Стремительно нараставшая инфляция поощряла тех, кто сумел вывезти из России свои сбережения, вкладывать их в разные предприятия, не слишком оглядываясь. Один из цветаевских корреспондентов, вспоминая спустя много лет это время, называл его временем расцвета коммерческого донкихотства. Чуть ли не каждый день в «русской» части города открывались новые рестораны, кафе, кондитерские, мастерские. Возникло множество издательств, несколько журналов, выходили три ежедневные русские газеты, пять еженедельников.
«Русские писатели ходили по Берлину, кланяясь друг другу, — писал по свежим впечатлениям Роман Гуль в книге «Жизнь на фукса». — Писатели были разные. Талантливые. Средние. Плохие. Приехавшие. Бежавшие. Высланные. <…> На Курфюрстендамм — Максим Горький. На Виктория-Луизенплац — Андрей Белый. На Кирхштрассе завесил комнату чертями, бумажными прыгунчиками, игрушками Алексей Ремизов. Пугая немецкую хозяйку, сидел в драдедамовом платке с висюльками. В комнате на Лютерштрассе — отец русского декаданса Н. М. Минский. Где-то — Лев Шестов. В Шенеберге — Алексей Толстой. В кафе “Прагердиле” — Илья Эренбург… По Тауэнцштрассе шел человек с лимонно-изможденным лицом, в зеленеющем платье. Это был Игорь Северянин. Он писал “поэзы отчаяния”…»
Однако наводнен Берлин был, естественно, не одними только литераторами — здесь оказались художники и музыканты, философы и банкиры, биржевики и спекулянты всех сортов.
Русские литераторы в Берлине. Сентябрь 1923 г.
Слева направо стоят: Б. К. Зайцев, В. Ф. Ходасевич, М. А. Осоргин, А. В. Бахрах, А. М. Ремизов Сидят: Н. Н. Берберова, П. П. Муратов, Андрей Белый
Летом 1922 года в среде русской интеллигенции здесь жива была еще иллюзия единства. Решительного размежевания на собственно эмигрантов и приехавших на время «туристов» пока не произошло.

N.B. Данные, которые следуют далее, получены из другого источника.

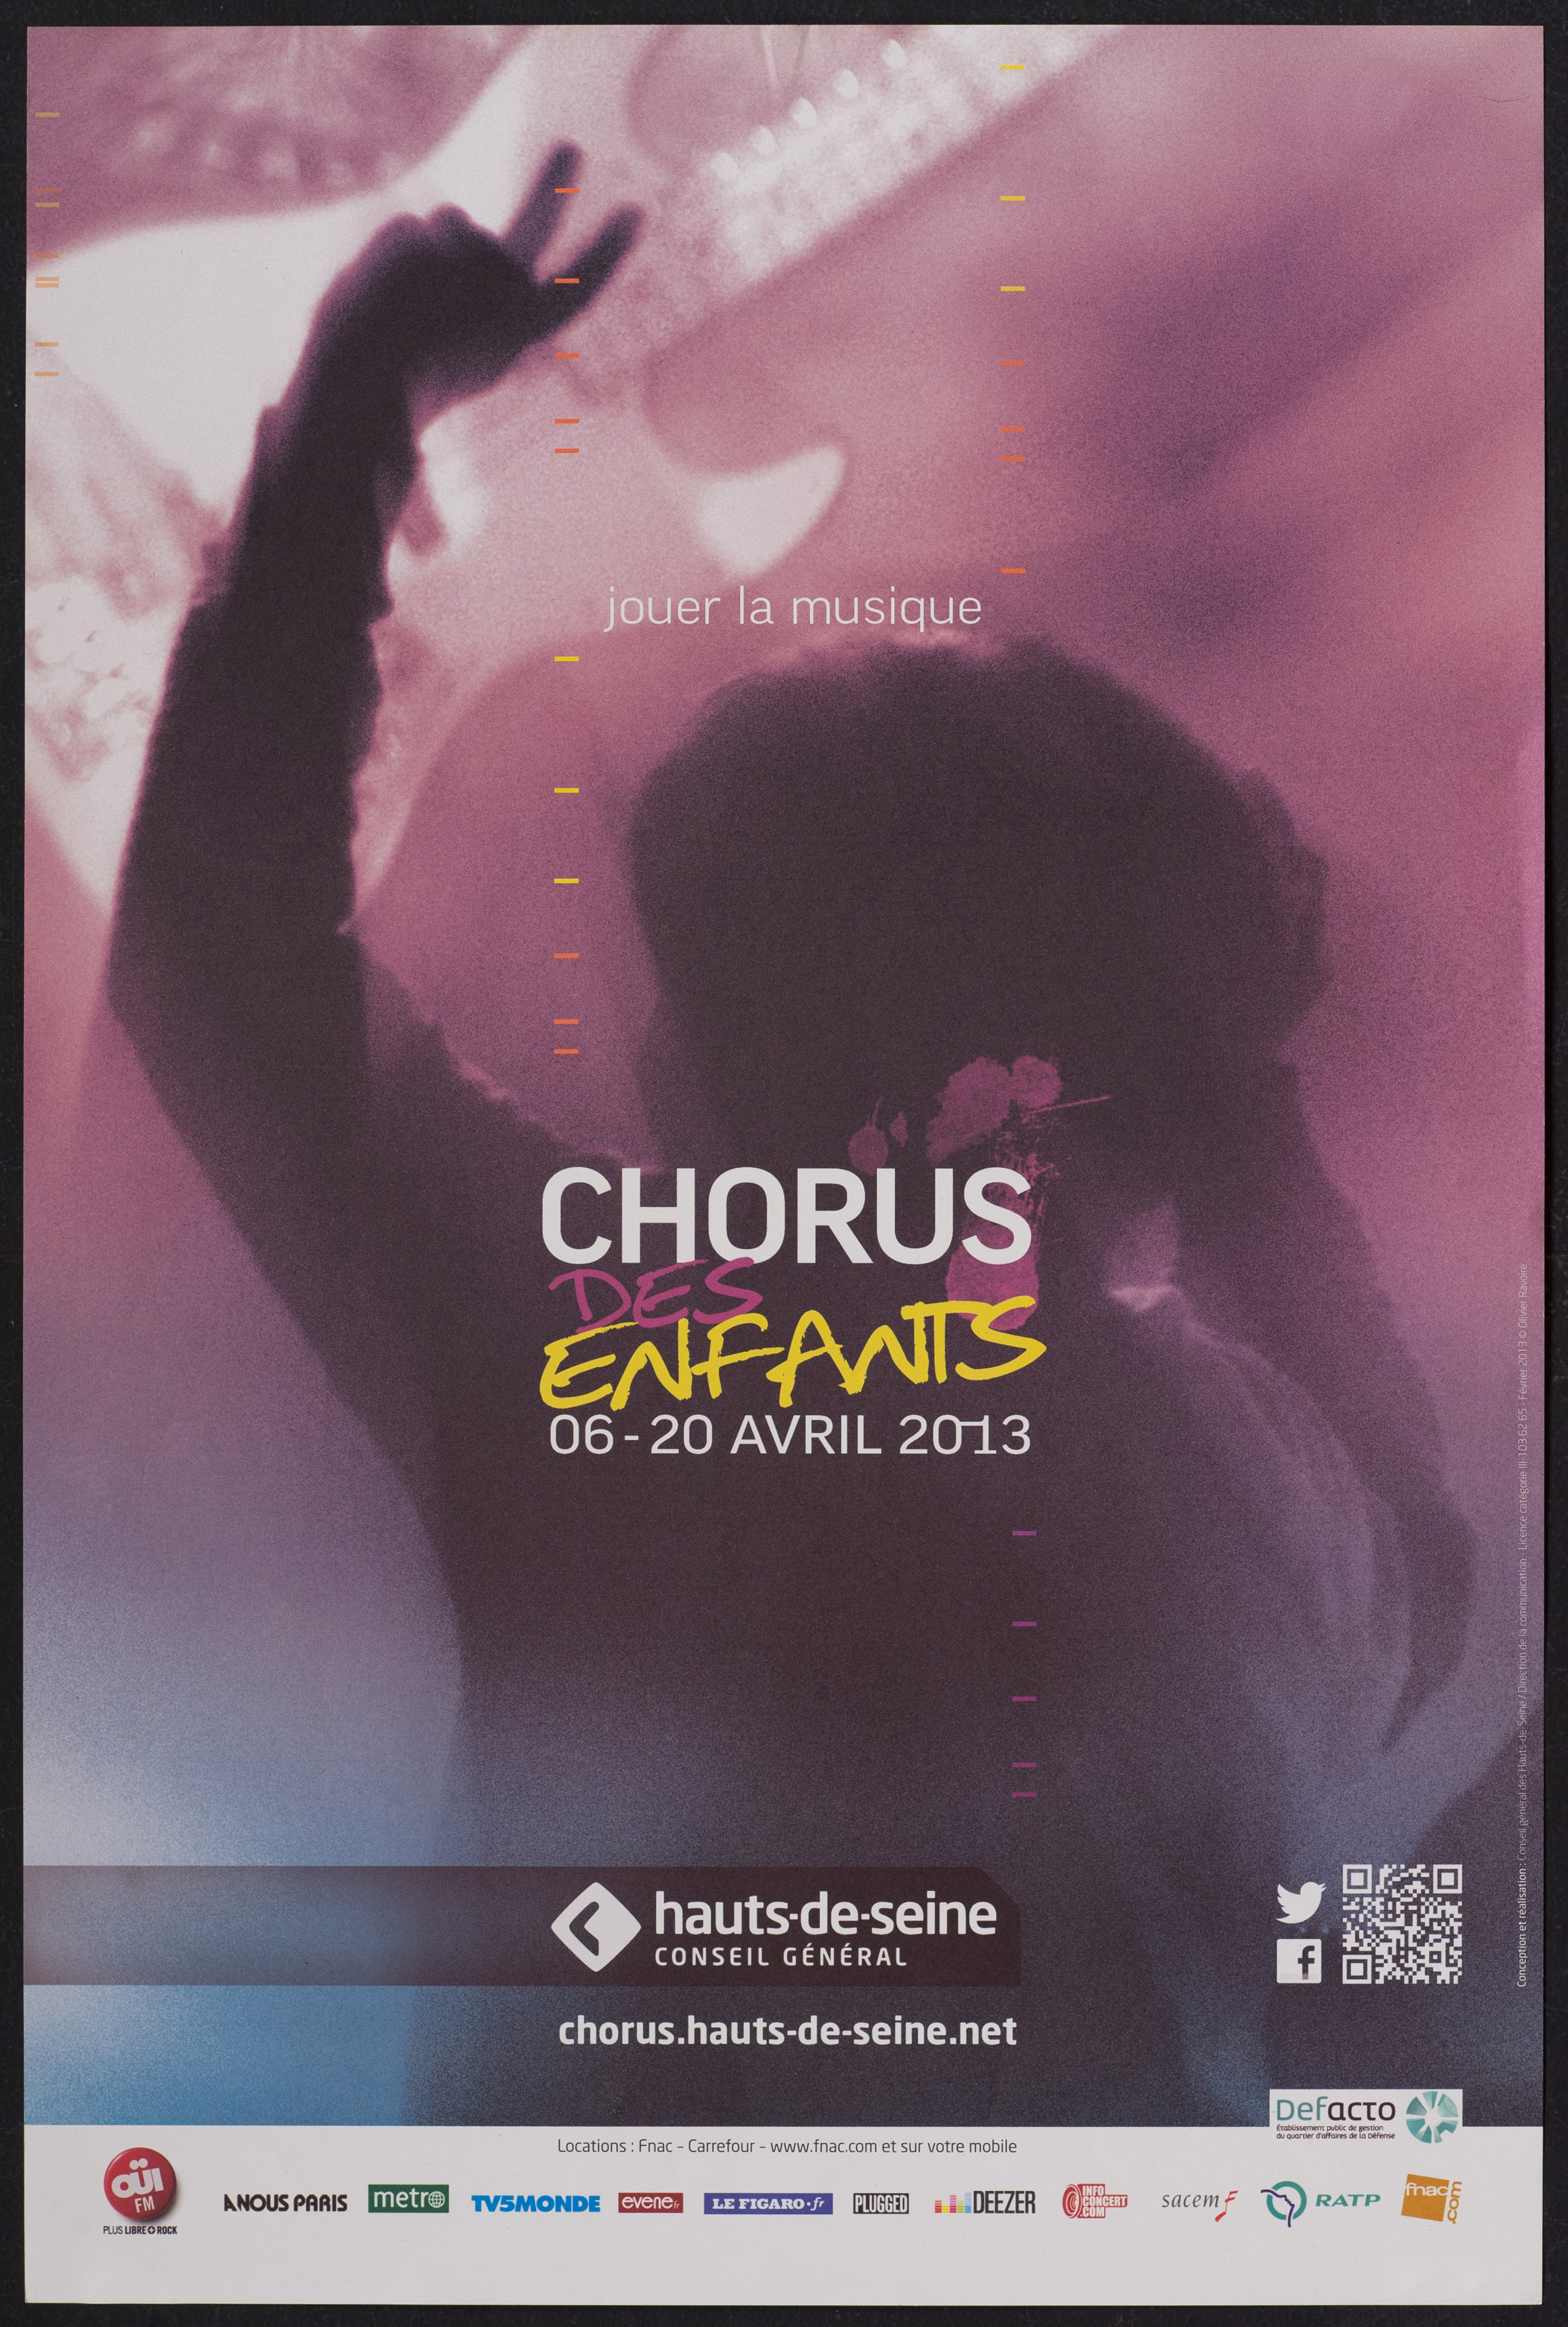 Jouer la musique. Chorus des enfants 6-20 avril 2013 /photo Olivier Ravoire. - CG 92, 2013. - 1 affiche ill. coul., 60 x 40 cm.

Вплоть до осени этого года упорно отстаивал свою беспартийную платформу «Дом искусств», возникший по инициативе неутомимого, несмотря на преклонные годы, Минского (некогда способствовавшего возникновению в Петербурге «Религиозно-философских собраний»). Еженедельные собрания «Дома» проходили по пятницам в большом кафе на Ноллендорфплац. В год приезда Цветаевой на литературных вечерах русской колонии выступали Андрей Белый и Алексей Толстой, Ремизов и Пильняк, Есенин и Северянин, Саша Черный, Ходасевич, Эренбург, Шкловский, Лидин, Чириков, Карсавин, Степун, Зайцев. А позже, когда Цветаева уже уехала в Чехословакию, — Маяковский и Пастернак. В зале было много накрашенных дам в манто и спекулянтов в модных пиджаках в талию.
Максим Горький привлек к сотрудничеству в издаваемом им журнале «Беседа» Владислава Ходасевича, появившегося в Берлине в конце июня. Издательство Ладыжникова выпускало горьковские произведения — и сборник речей эсера Виктора Чернова, бывшего члена Временного правительства. На обложках книг Гржебина стояло: «Москва — Петербург — Берлин». Вышедшие в Берлине книги в начале двадцатых годов свободно продаются в магазинах Советской Республики. Авторов, живущих в Москве и Петрограде, вербует на свои страницы литературное приложение к берлинской газете «Накануне». За неделю до приезда Цветаевой здесь была помещена рецензия Павла Антокольского на цветаевский сборник «Разлука».
Обострение отношений внутри «русского Берлина» еще только-только созревает. Оно обнаружится в полной мере месяца через три после отъезда Цветаевой в Прагу.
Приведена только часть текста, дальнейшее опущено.